A criação de alternativas como as citadas pode ser interessante para a redução do risco de desordens gastrointestinais e maior efetividade nos treinamentos.

  • Personalizada / Genética

Recentemente, conceitos como nutrigenômica e nutrigenética ganharam espaço no meio esportivo. Nesse contexto, nutrientes que podem impactar na expressão genética e os seus mecanismos são estudados. 

Leucina, por exemplo, é um aminoácido que impacta na atividade de diversas quinases e na sinalização da mTOR, funções associadas com a síntese proteica, desenvolvimento muscular e performance esportiva. 
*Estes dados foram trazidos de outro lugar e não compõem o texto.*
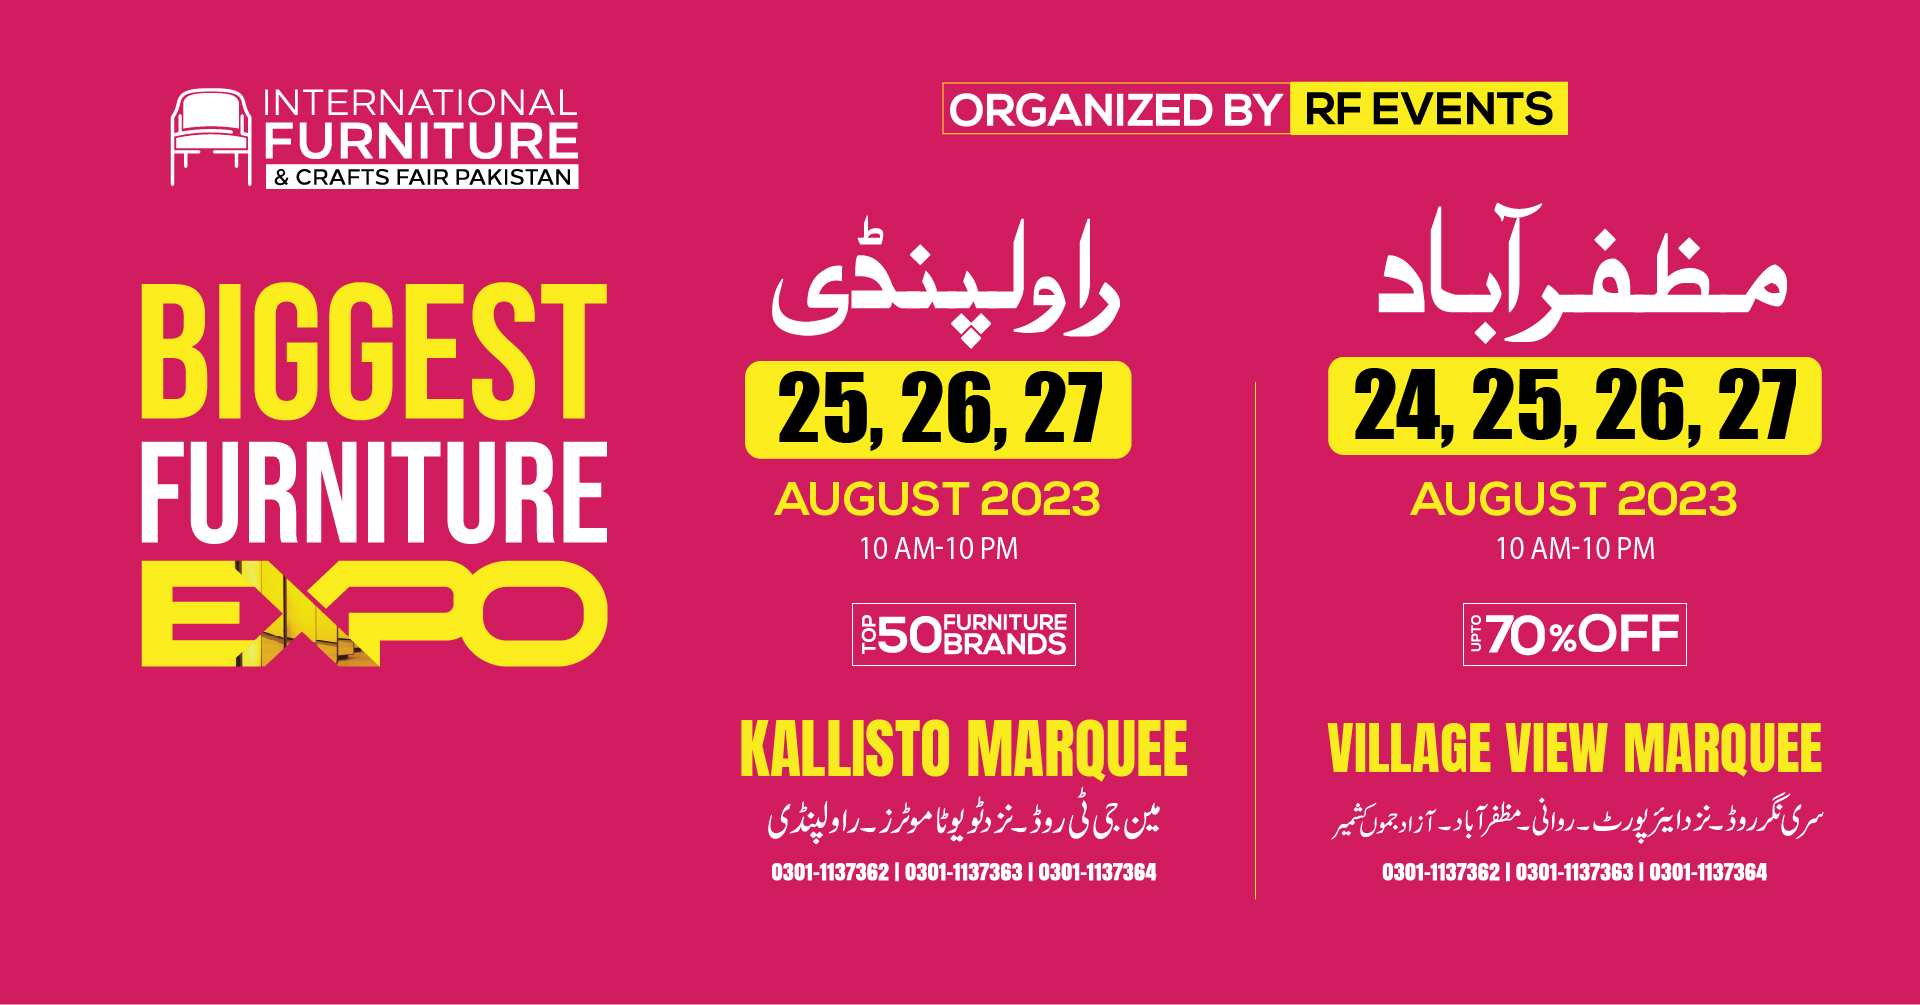 Rawalpindi International Furniture and Crafts Fair 25,26,27 August 2023 at Kaliisto Marquee G.T Road, Rawalpindi, Punjab, Pakistan

A particularidade genética de cada um também tem sido considerada para a escolha da dieta adequada. Polimorfismos nos genes LAT1 e LAT2 podem impactar na taxa de absorção de aminoácidos BCAA, como a leucina. 

Conclusão 

De acordo com os estudos avaliados, diversas dietas são seguidas no meio esportivo. Há destaque para uma alimentação sem glúten, baixa em FODMAPs e baseada no consumo de plantas.

Ressalta-se que sempre o ideal é o consumo alimentar adequado individualmente, considerando o nível de treinamento, objetivos e fatores pessoais. 

Ter atenção para o consumo alimentar desse público é essencial, principalmente para produtos e serviços focados na genética, pois é uma temática que ainda necessita de muitos estudos diante da complexidade apresentada.